§ Data extract:
┌──
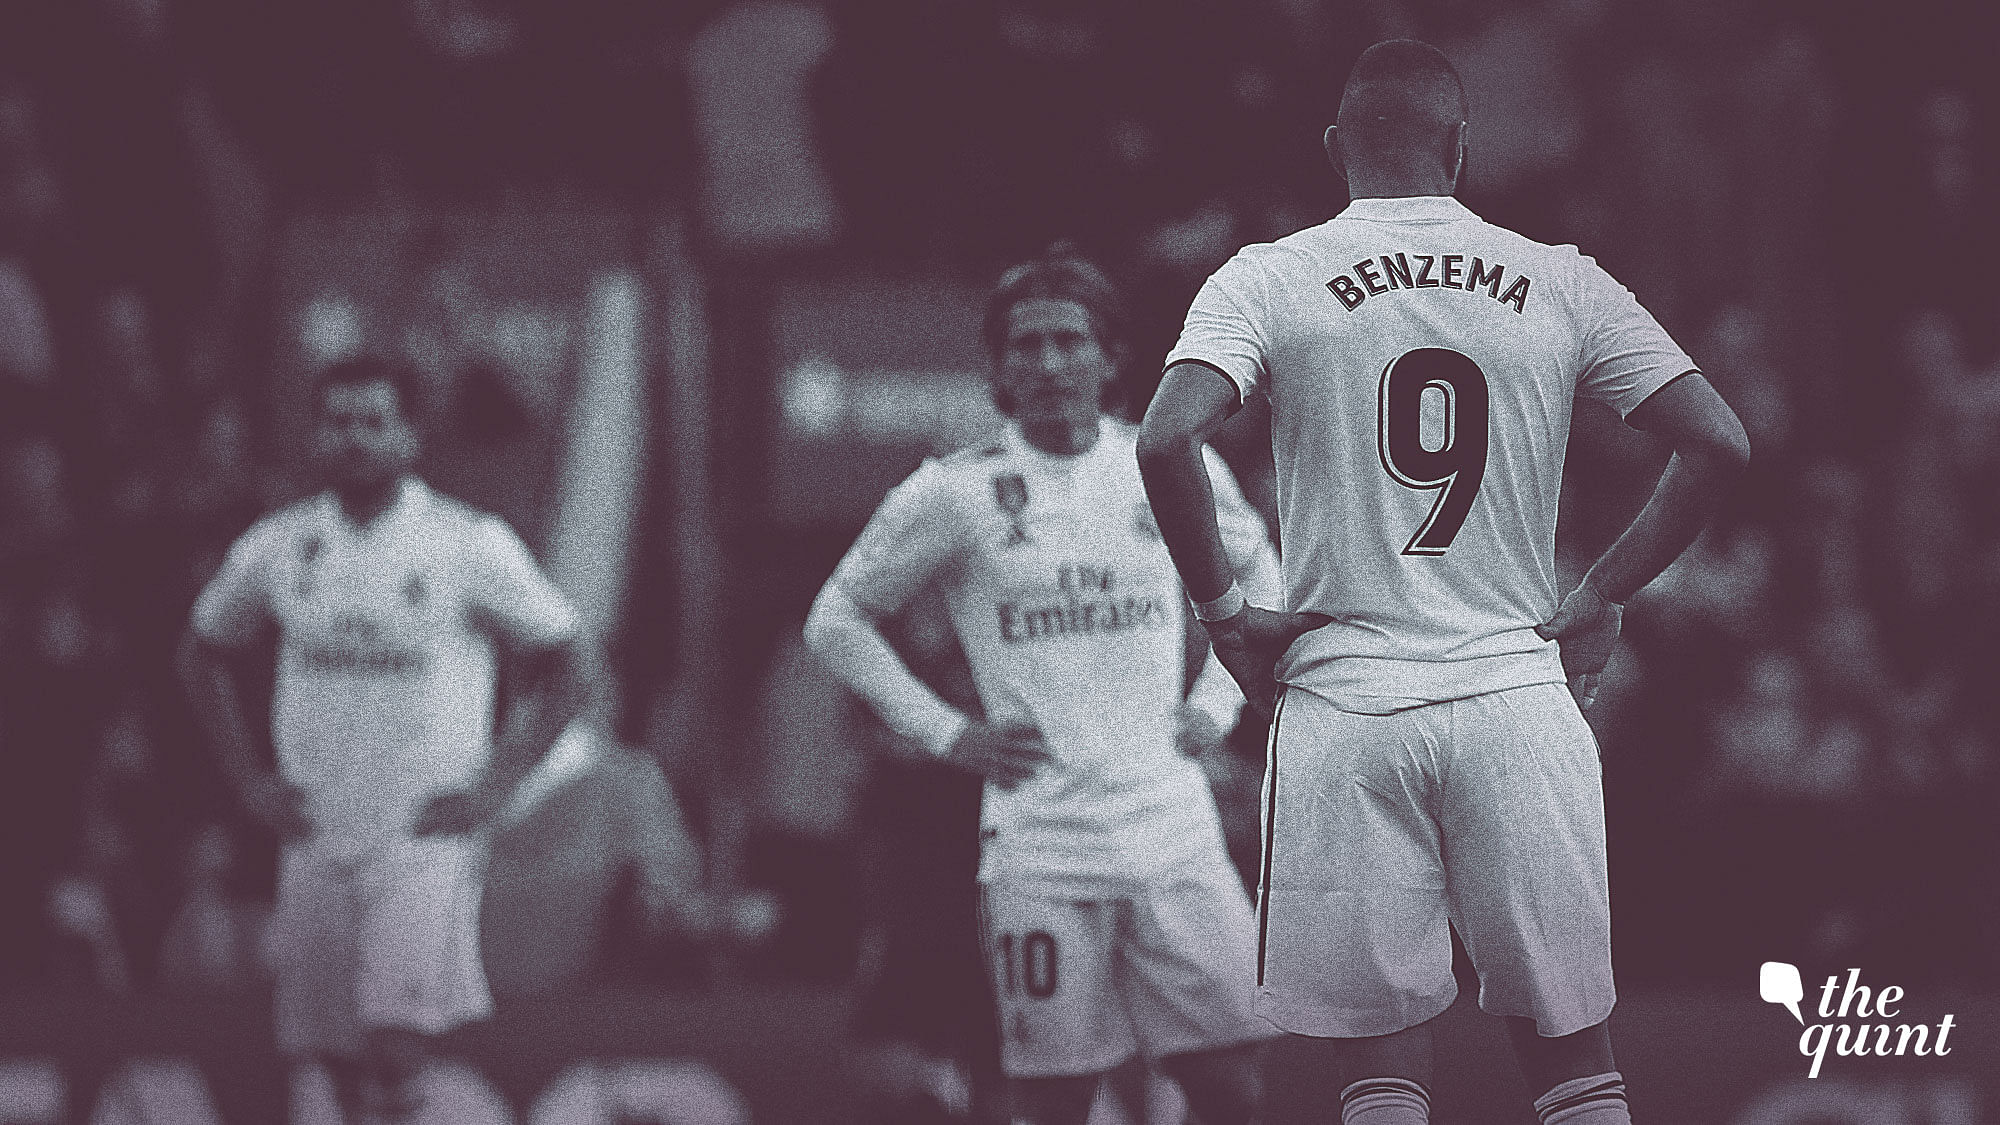 For the first time in this century, Madrid has failed to score a goal in five straight games.
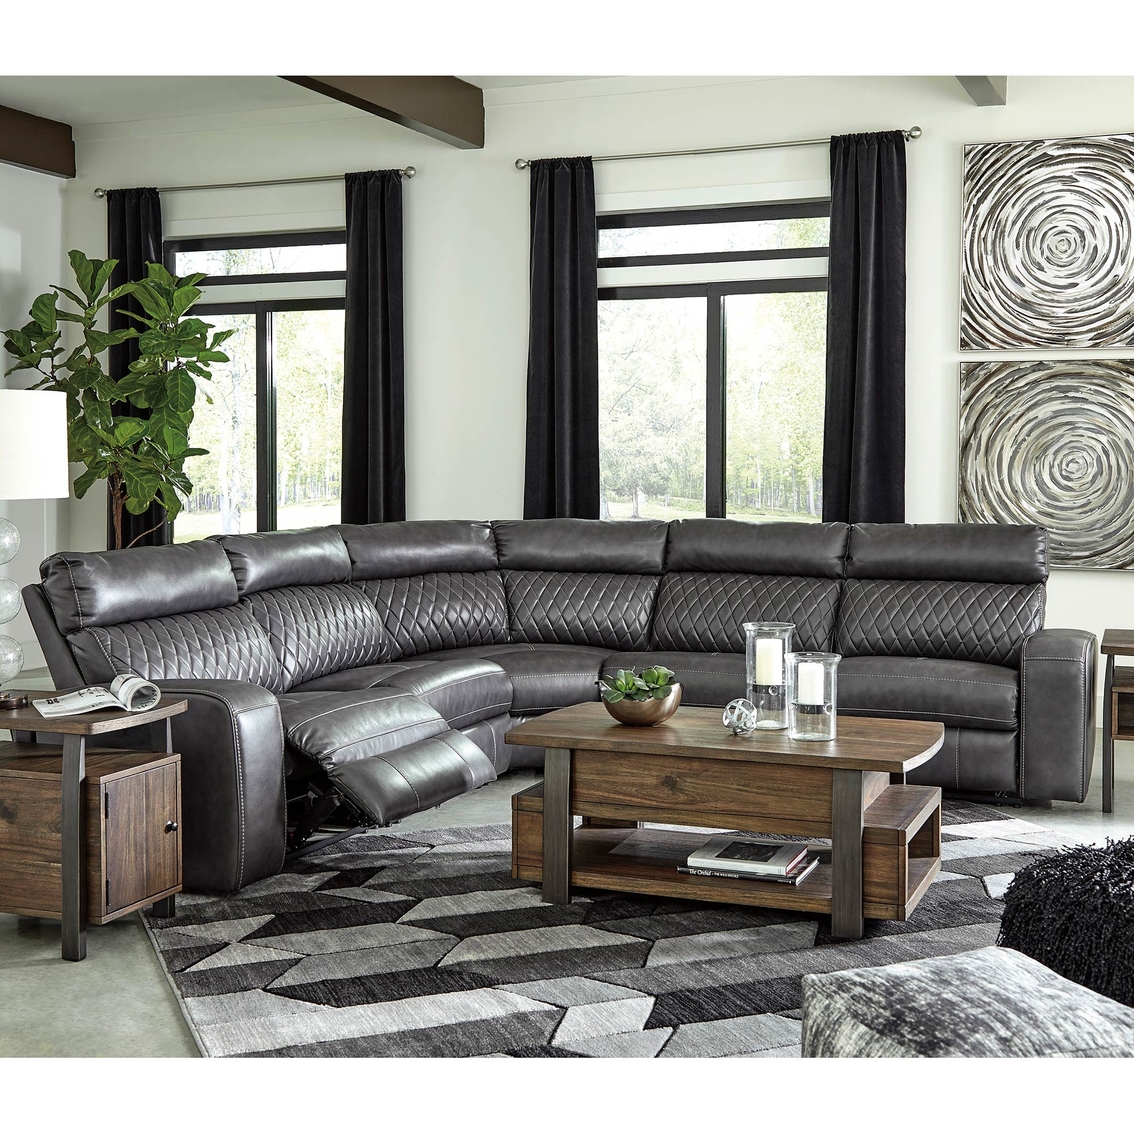 Signature Design by Ashley Samperstone 5 pc. Sectional with 3 Reclining Seats - Image 3 of 4
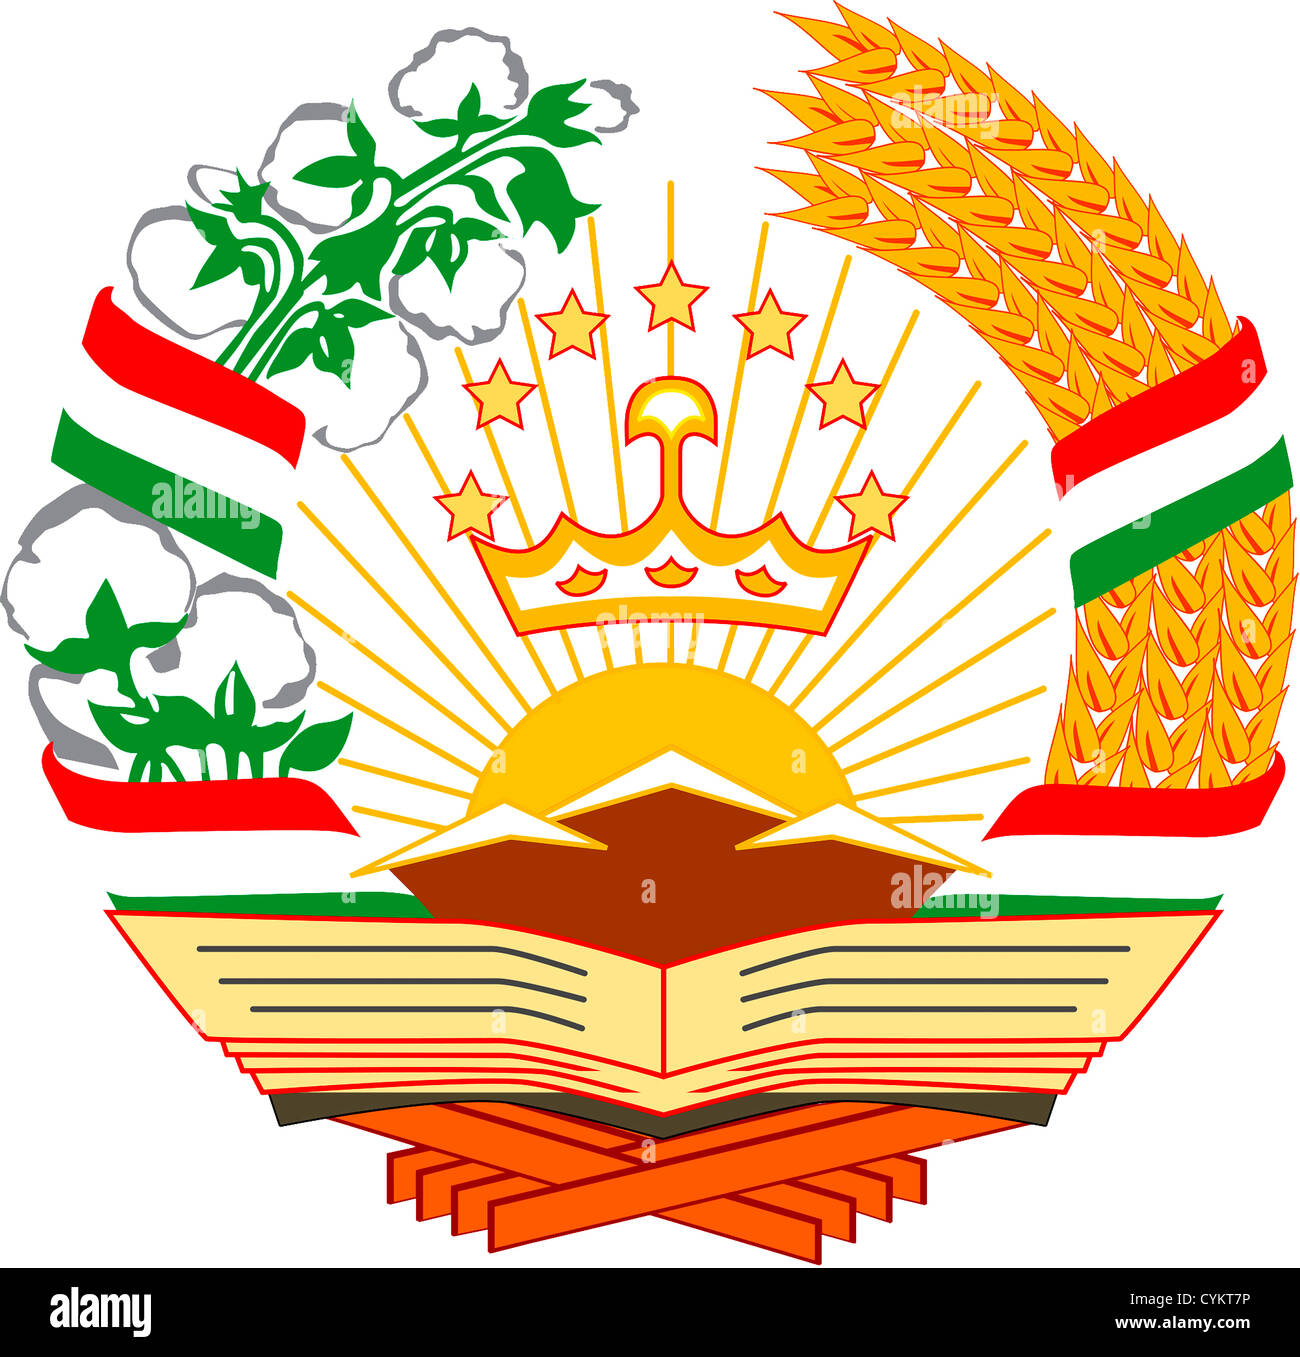 National coat of arms of the Republic of Tajikistan. Stock Photo
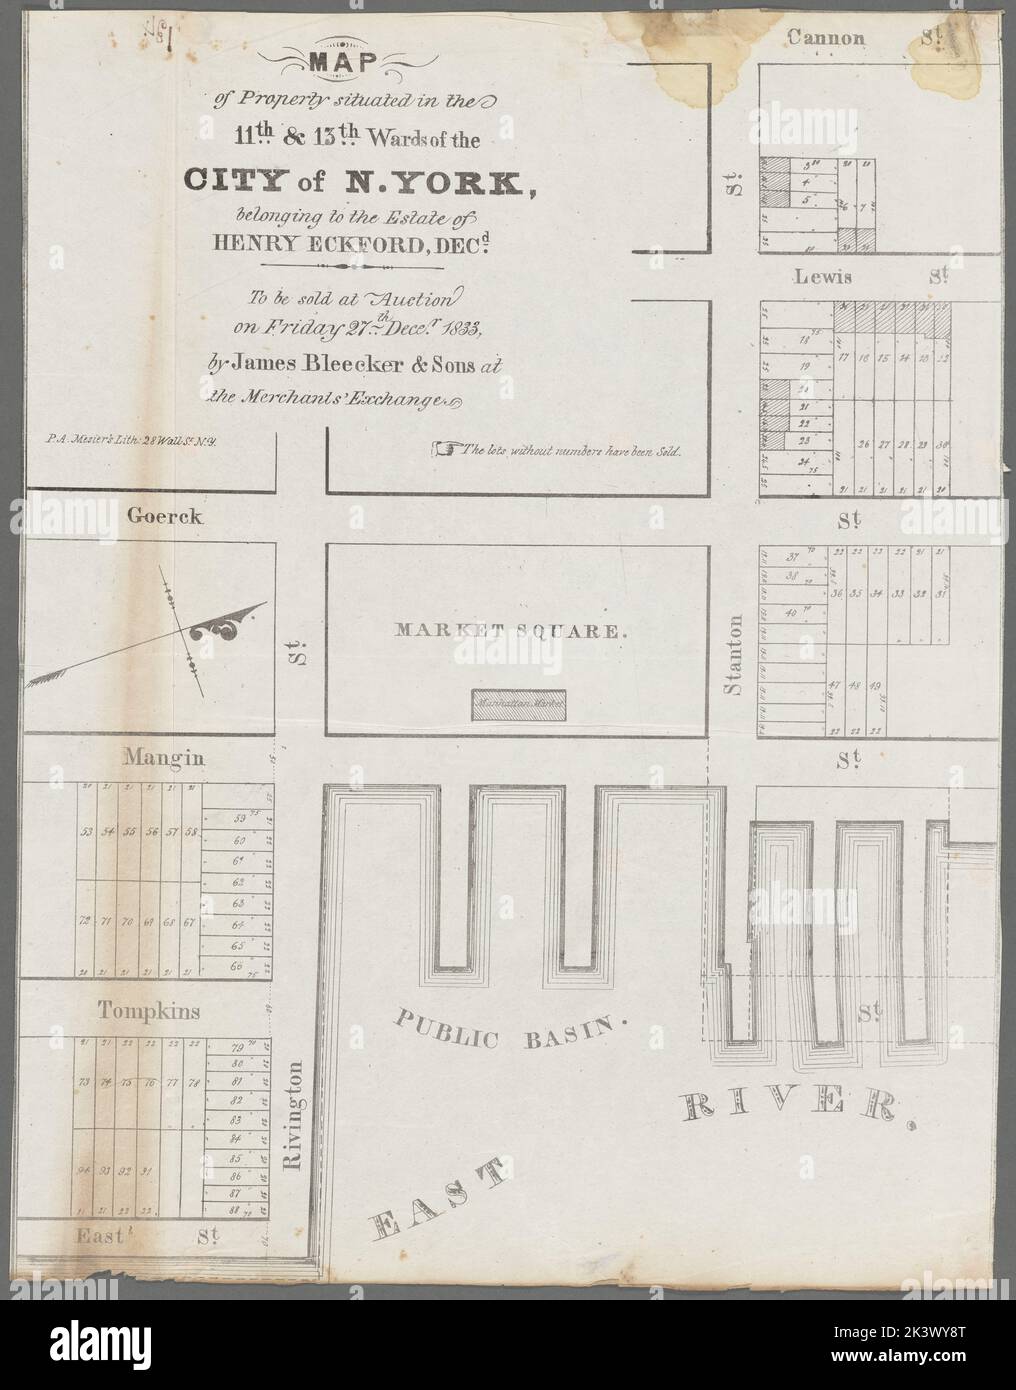 Map of property situated in the 11th & 13th Wards of the city of N. York, belonging to the estate of Henry Eckford, decd., to be sold at auction on Friday, 27th Decer., 1833, by James Bleecker & sons at the Merchants' Exchange Cartographic. Cadastral maps, Maps. 1833. Lionel Pincus and Princess Firyal Map Division. United States , New York (State) , New York, Landowners , New York (State) , New York, Real property , New York (State) , New York, Real propery auctions , New York (State) , New York, Manhattan (New York, N.Y.), Lower East Side (New York, N.Y.) Stock Photo
└──
Write out each line of the listing above, exactly, from its first line to the line holding "National coat of", inclusive. Skip the pictures.

 For the first time in this century, Madrid has failed to score a goal in five straight games.
 Signature Design by Ashley Samperstone 5 pc. Sectional with 3 Reclining Seats - Image 3 of 4
 National coat of arms of the Republic of Tajikistan. Stock Photo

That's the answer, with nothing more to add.